Some of those guys were friendly with Russ, though, and they had teased him about it—asking why he hung out with me so much, and wondering if Russ was “like me.”

Russ wasn’t gay, and he told them so. But in hindsight, I knew that it was the beginning of the end of our friendship. We still hung out all through college, but after that point, Russ had always made sure to not look too “close” to me when we hung out in public.

But he didn’t seem to be doing that at all anymore.

In fact, he’d voluntarily touched me tonight, twice, and had just laughed hard about being mistaken for my boyfriend.

After he handed me my prize, the soft plush smooth under my fingers, we walked aimlessly throughout the festival.

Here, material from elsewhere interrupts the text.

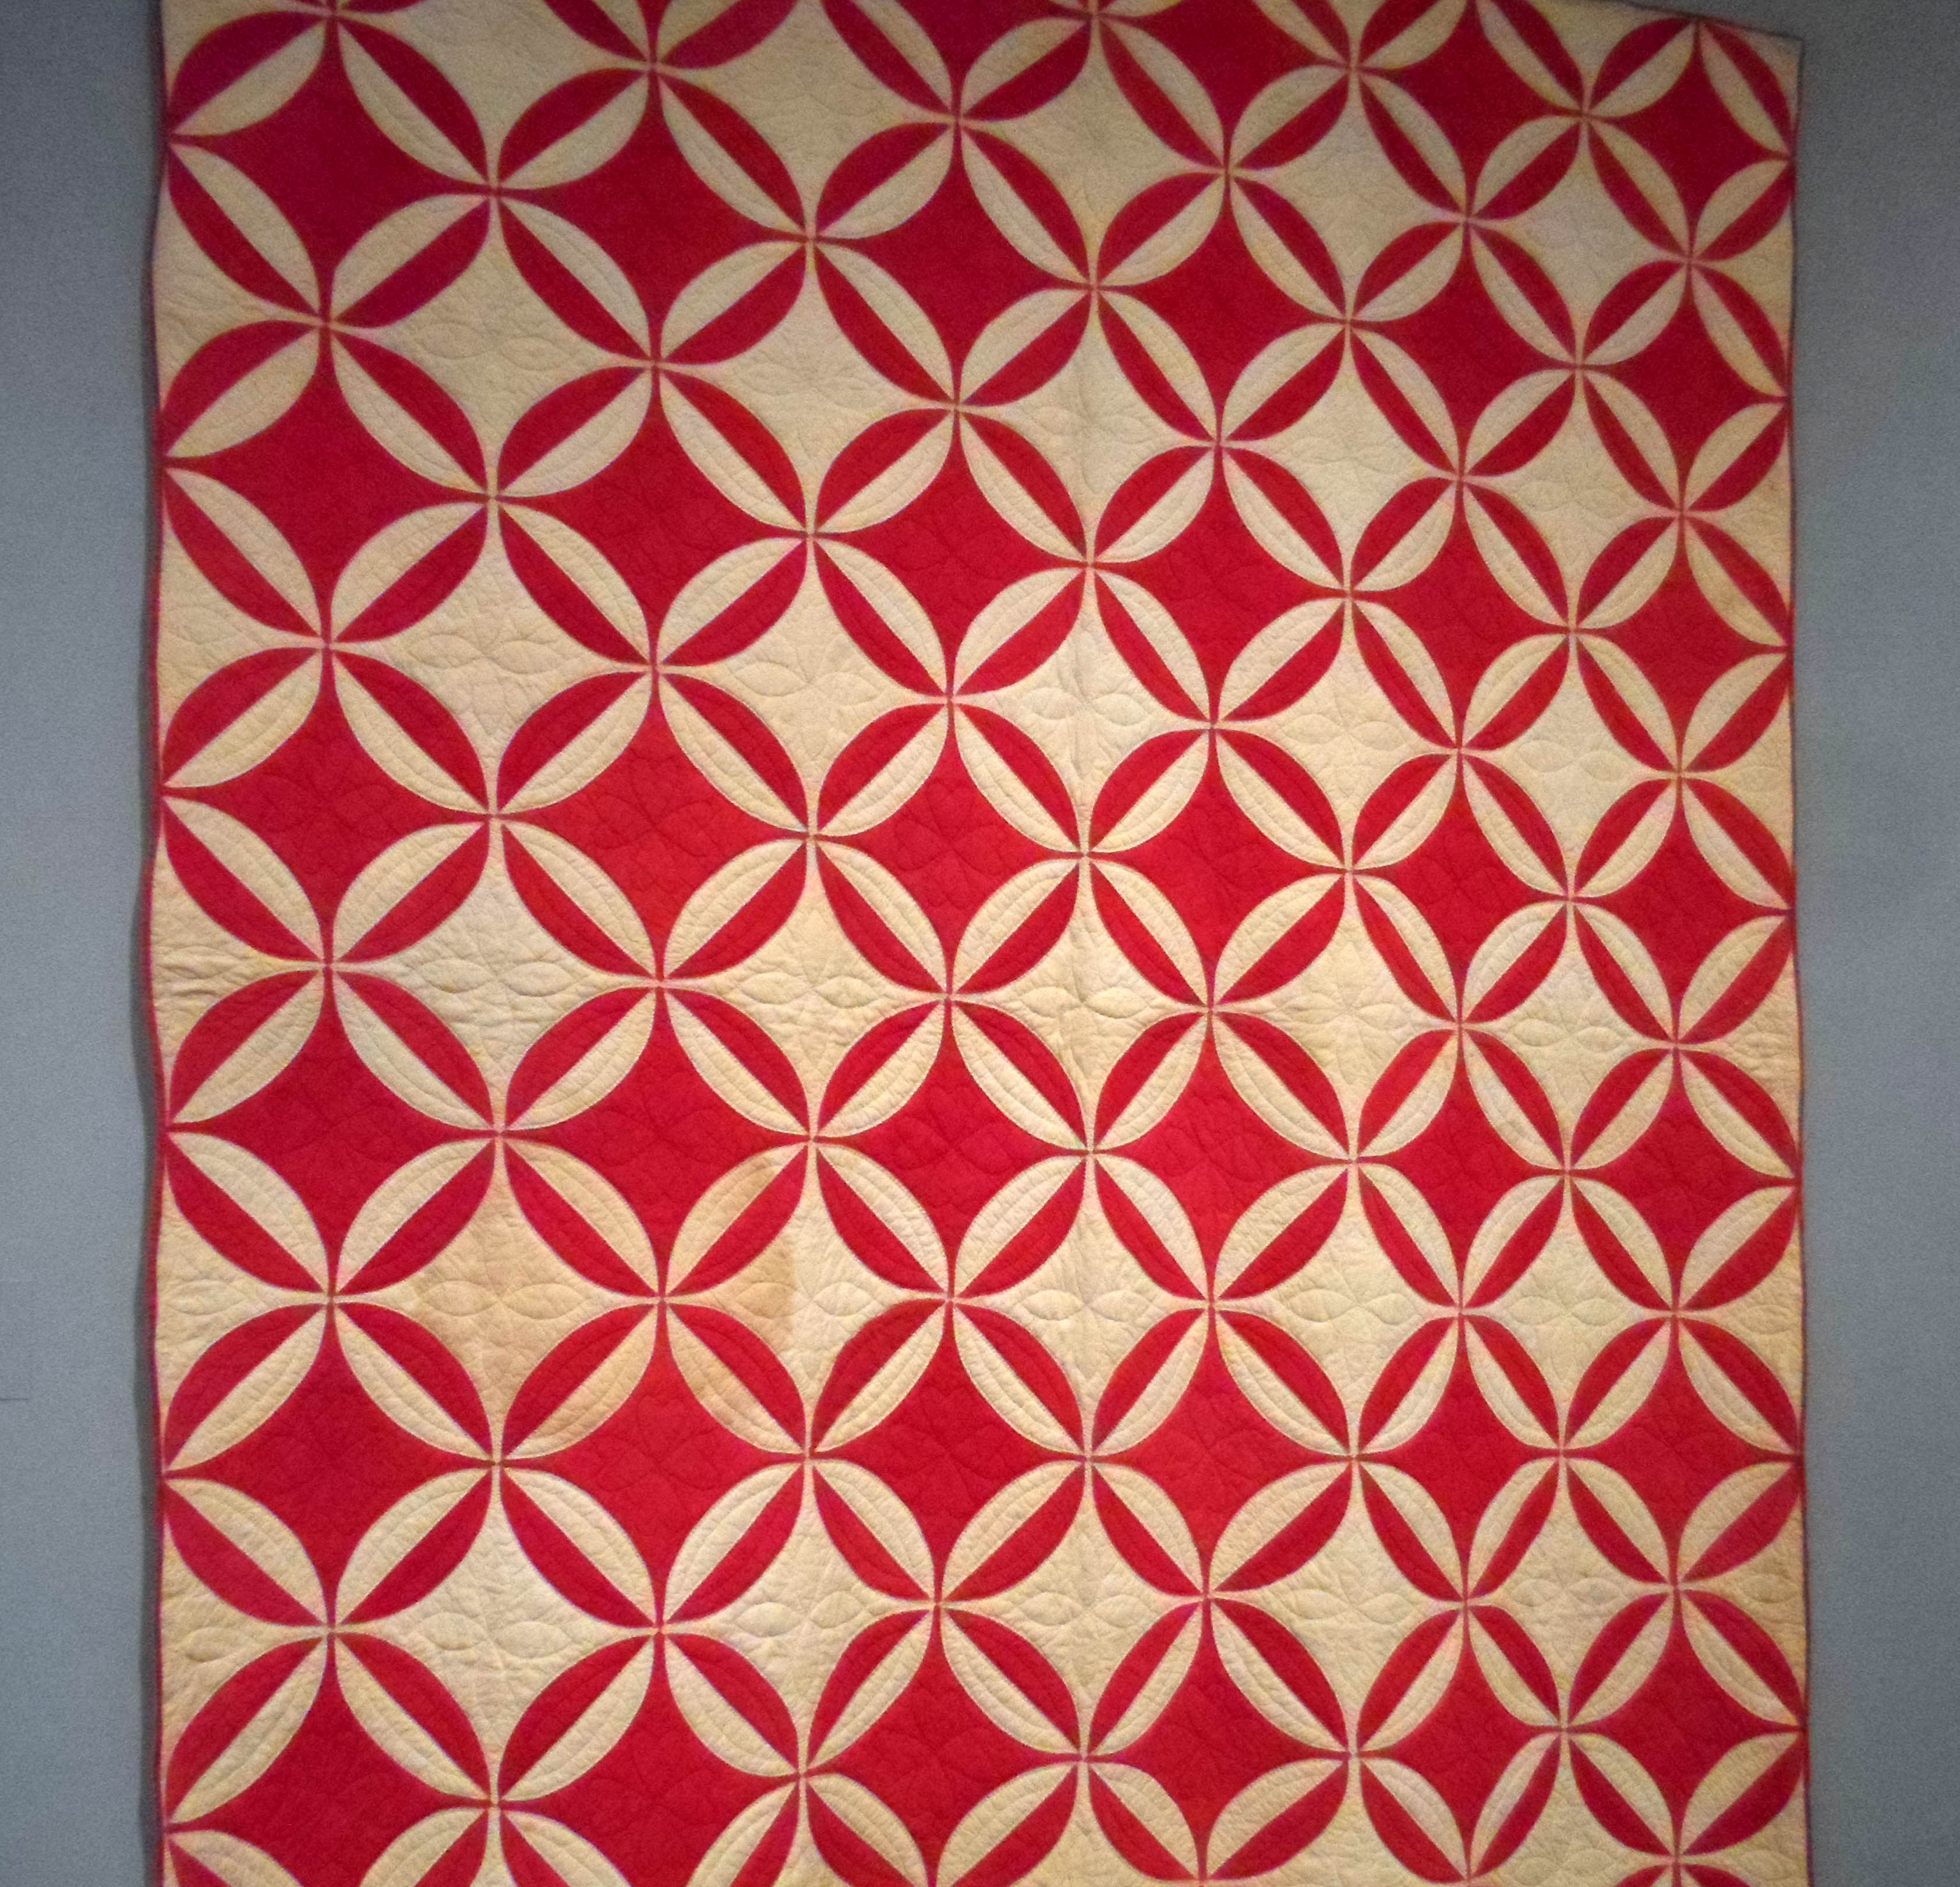 ROBBING PETER TO PAY PAUL QUILT, circa 1850, cotton

It was as if the slightly embarrassing moment with the ring toss attendant had solidified the fact that Russ and I were more comfortable around each other than we’d been in years.

Maybe he didn’t deserve it, and maybe I should still have been furious at him. But I couldn’t. I was enjoying being around him far too much.

It didn’t feel awkward anymore to lapse into silences and take in the scenery and festivities around us.

It didn’t feel weird when Russ put his hand at the small of my back or briefly grabbed my hand to lead me toward a hard cider stand.

And finally, after a week of butterflies and uncertainty, it didn’t feel strange at all to be with my best friend again. It actually felt like I was meant to be by his side.